___ Records for processing

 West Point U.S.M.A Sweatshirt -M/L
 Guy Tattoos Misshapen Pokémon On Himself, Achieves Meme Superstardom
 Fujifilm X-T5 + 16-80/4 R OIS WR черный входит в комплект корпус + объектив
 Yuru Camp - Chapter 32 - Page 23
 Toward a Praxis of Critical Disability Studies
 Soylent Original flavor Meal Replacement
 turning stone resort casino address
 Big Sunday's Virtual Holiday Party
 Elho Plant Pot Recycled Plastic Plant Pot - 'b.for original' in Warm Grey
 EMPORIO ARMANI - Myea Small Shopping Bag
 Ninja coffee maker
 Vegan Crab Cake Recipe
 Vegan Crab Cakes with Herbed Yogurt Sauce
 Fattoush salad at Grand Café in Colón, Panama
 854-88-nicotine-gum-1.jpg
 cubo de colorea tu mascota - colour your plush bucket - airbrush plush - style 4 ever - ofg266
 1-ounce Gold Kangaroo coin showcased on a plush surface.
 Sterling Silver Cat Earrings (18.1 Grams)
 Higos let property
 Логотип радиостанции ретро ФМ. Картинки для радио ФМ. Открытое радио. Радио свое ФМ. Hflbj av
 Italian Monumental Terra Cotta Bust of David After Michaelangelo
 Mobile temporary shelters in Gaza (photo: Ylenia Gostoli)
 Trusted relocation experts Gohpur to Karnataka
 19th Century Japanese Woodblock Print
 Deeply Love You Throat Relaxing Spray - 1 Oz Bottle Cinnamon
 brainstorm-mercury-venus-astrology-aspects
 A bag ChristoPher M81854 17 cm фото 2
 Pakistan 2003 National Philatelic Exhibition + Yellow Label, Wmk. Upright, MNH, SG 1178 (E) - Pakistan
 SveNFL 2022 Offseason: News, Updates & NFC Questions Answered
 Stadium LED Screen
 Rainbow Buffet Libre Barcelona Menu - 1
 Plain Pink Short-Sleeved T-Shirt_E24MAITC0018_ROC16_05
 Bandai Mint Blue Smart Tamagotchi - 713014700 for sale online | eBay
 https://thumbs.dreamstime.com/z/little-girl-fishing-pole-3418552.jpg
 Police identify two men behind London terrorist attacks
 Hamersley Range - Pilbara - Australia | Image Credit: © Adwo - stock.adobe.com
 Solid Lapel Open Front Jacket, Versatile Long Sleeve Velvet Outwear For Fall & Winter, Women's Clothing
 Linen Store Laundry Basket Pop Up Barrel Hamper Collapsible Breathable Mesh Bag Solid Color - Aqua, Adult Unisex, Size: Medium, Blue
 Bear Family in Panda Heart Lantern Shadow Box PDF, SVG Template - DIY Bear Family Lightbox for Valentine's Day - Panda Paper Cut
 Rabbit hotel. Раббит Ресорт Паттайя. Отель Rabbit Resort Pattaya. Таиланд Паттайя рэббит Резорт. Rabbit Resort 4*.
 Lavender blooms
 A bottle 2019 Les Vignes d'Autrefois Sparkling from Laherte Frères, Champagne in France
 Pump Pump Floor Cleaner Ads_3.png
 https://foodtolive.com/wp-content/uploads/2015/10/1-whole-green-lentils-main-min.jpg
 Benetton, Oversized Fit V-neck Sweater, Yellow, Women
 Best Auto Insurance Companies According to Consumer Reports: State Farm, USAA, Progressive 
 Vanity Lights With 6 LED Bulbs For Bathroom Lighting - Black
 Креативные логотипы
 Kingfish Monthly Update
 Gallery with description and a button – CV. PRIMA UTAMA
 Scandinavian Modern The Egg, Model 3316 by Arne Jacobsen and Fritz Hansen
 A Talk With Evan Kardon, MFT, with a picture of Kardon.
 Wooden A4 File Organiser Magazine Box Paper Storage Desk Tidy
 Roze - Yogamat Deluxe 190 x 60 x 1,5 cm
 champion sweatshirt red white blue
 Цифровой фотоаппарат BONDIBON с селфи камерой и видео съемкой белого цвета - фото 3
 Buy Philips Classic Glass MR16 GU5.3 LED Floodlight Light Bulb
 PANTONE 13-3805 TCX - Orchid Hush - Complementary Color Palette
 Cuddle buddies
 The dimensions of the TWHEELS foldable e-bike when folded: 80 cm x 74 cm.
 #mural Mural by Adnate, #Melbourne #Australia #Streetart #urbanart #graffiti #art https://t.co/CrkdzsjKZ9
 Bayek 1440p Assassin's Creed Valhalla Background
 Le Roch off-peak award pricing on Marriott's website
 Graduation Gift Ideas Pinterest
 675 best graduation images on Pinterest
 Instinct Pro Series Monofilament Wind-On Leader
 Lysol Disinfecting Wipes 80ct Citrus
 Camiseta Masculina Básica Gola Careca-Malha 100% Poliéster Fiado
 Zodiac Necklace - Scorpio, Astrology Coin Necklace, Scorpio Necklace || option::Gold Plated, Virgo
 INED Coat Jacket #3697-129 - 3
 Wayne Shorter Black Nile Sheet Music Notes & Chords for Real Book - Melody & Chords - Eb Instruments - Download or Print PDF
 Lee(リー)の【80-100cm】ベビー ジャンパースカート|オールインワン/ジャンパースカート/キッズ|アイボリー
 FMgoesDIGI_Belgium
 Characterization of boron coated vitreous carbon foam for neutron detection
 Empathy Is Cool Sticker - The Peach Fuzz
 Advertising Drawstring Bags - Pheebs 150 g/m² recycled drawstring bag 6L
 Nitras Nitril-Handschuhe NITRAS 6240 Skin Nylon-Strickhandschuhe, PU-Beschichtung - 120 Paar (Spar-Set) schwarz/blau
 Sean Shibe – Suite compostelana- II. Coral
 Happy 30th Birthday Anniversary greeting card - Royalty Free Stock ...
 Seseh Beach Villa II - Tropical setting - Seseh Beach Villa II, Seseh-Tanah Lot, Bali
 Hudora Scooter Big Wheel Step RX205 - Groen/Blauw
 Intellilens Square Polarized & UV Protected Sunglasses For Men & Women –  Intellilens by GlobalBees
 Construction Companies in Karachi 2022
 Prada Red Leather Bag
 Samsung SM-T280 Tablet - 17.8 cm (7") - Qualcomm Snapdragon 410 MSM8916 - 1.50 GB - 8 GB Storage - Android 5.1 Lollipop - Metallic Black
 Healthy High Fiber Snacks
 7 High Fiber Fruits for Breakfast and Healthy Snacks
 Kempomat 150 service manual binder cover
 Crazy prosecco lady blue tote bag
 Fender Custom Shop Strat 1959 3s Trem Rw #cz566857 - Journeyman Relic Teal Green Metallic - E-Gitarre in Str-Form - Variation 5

______

Determine how many lines in the preceding records include the word "High". The answer is that number alone.

2